バーンズとストーカーは、イギリスの20の企業を調査し、それらの組織構造と業績の関係について考察しました。
その研究においては、官僚的な「機械的組織」と柔軟な「有機的組織」という両極端な二つの組織構造を定義し、異なる状況下でどのように機能しているかを調べたのです。
「機械的組織」の特徴としては、官僚的な組織構造で、情報や権限が上位者に集中しており、指示・命令的なリーダーシップが取られる事などが挙げられます。
「有機的組織」とは、官僚的ではなく、情報や権限が組織内に分散しており、支援的なリーダーシップが取られる組織であると定義しました。
この研究では、技術革新などを含め変化が激しく、顧客ニーズが多様化している環境では、個人が自発的に判断し行動する「有機的組織」が有効であるとしています。
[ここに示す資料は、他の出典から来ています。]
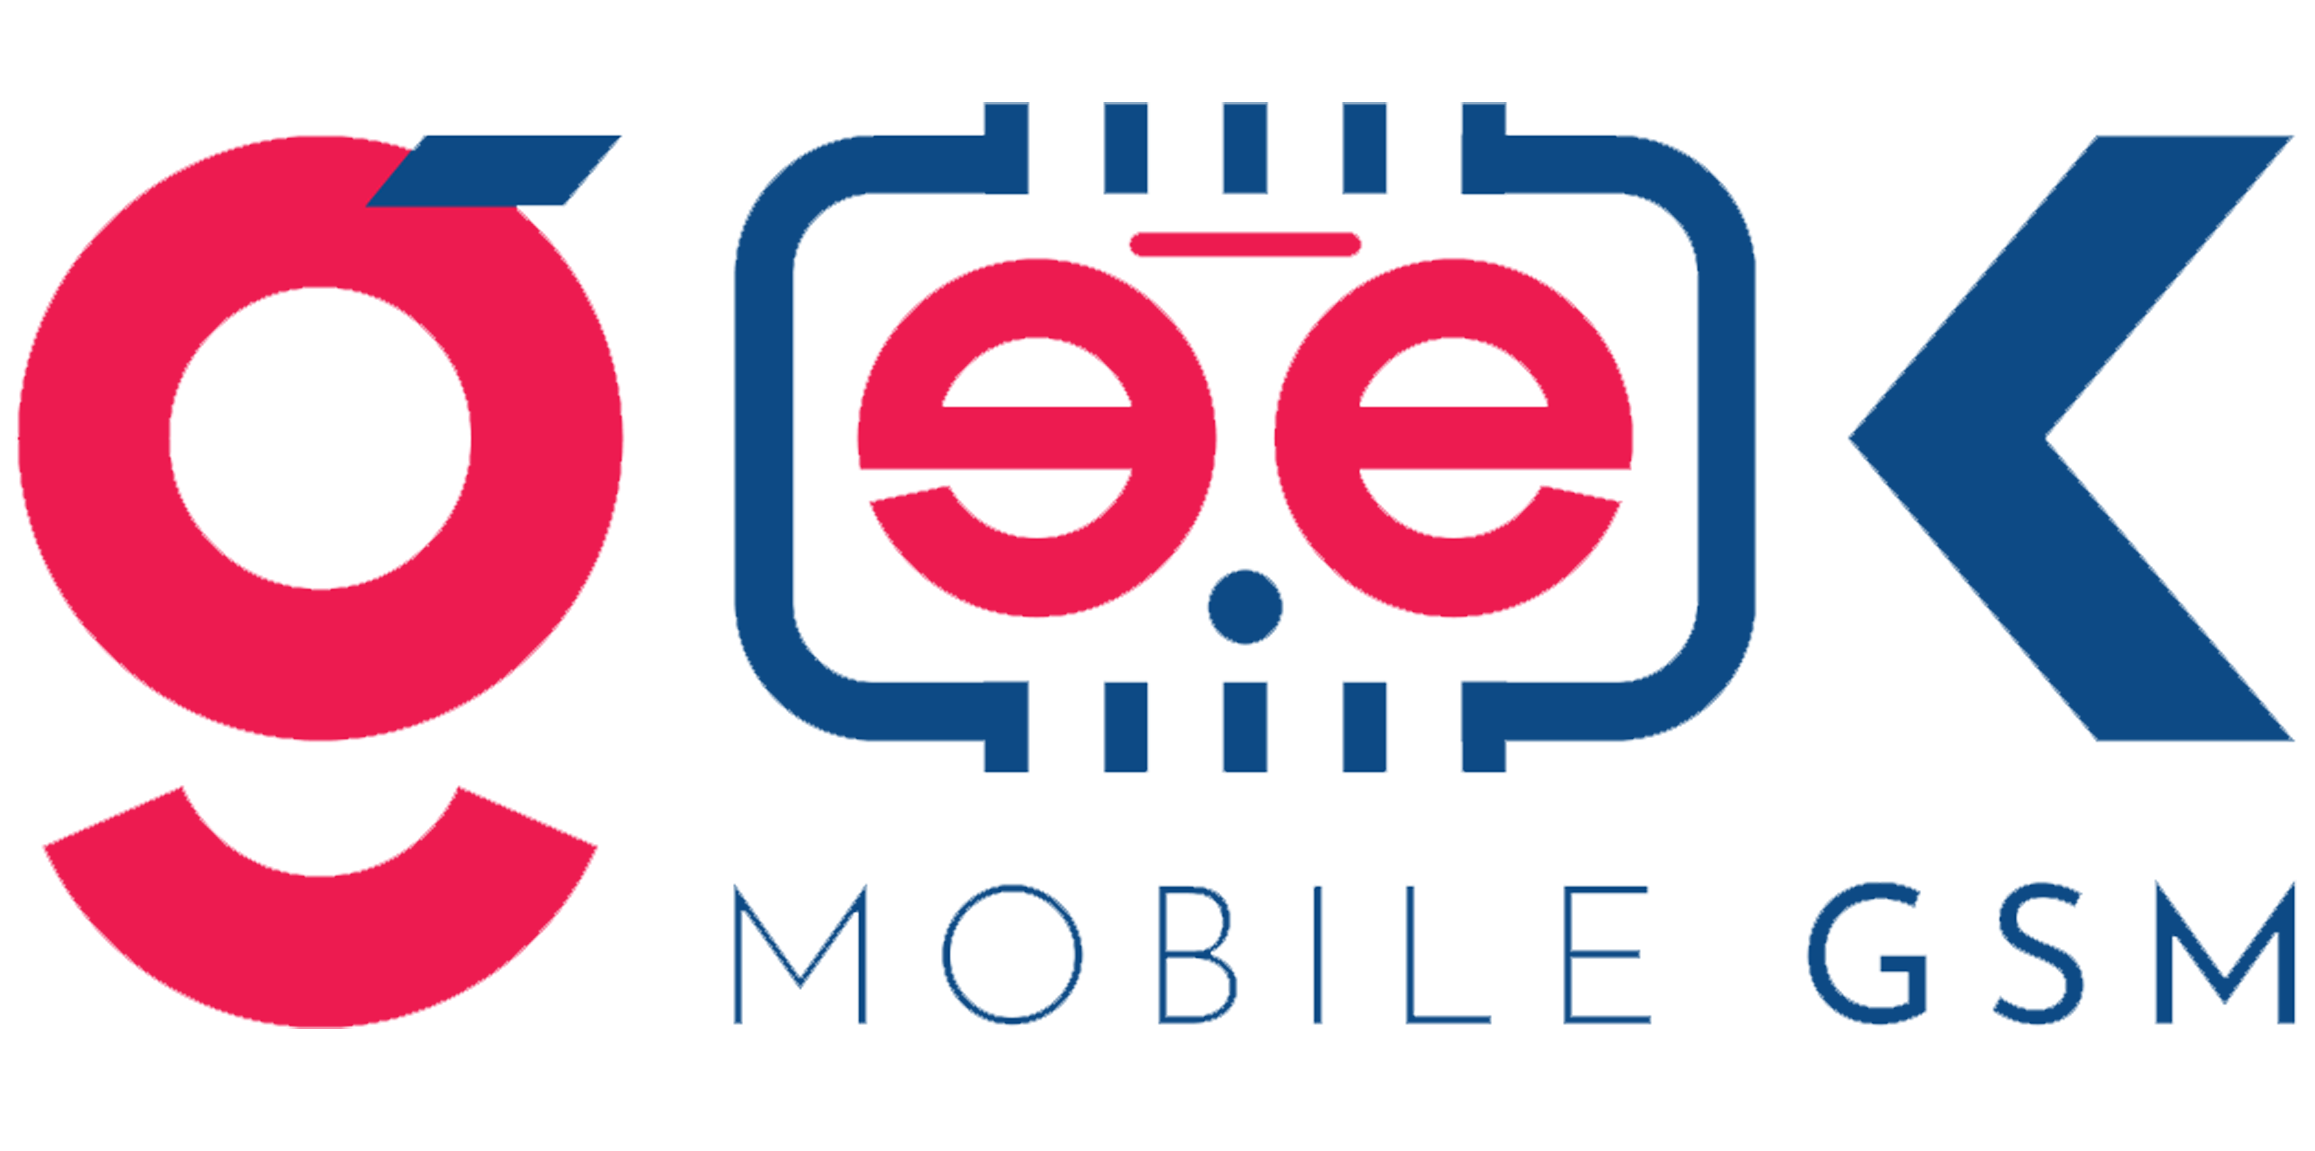 Geek Mobile GSM

また、外部変化が穏やかな環境であればピラミッド構造を持つ「機械的組織」が有効であるとも主張しています。
つまり、これらの二つのタイプは一方が他方よりも不変的に有効だというものではなく,
その有効性は市場環境や利用技術などの外部的な要因によって変化するということです。
そのため、状況に応じて望ましいリーダーシップのスタイルが異なるということも分かりました。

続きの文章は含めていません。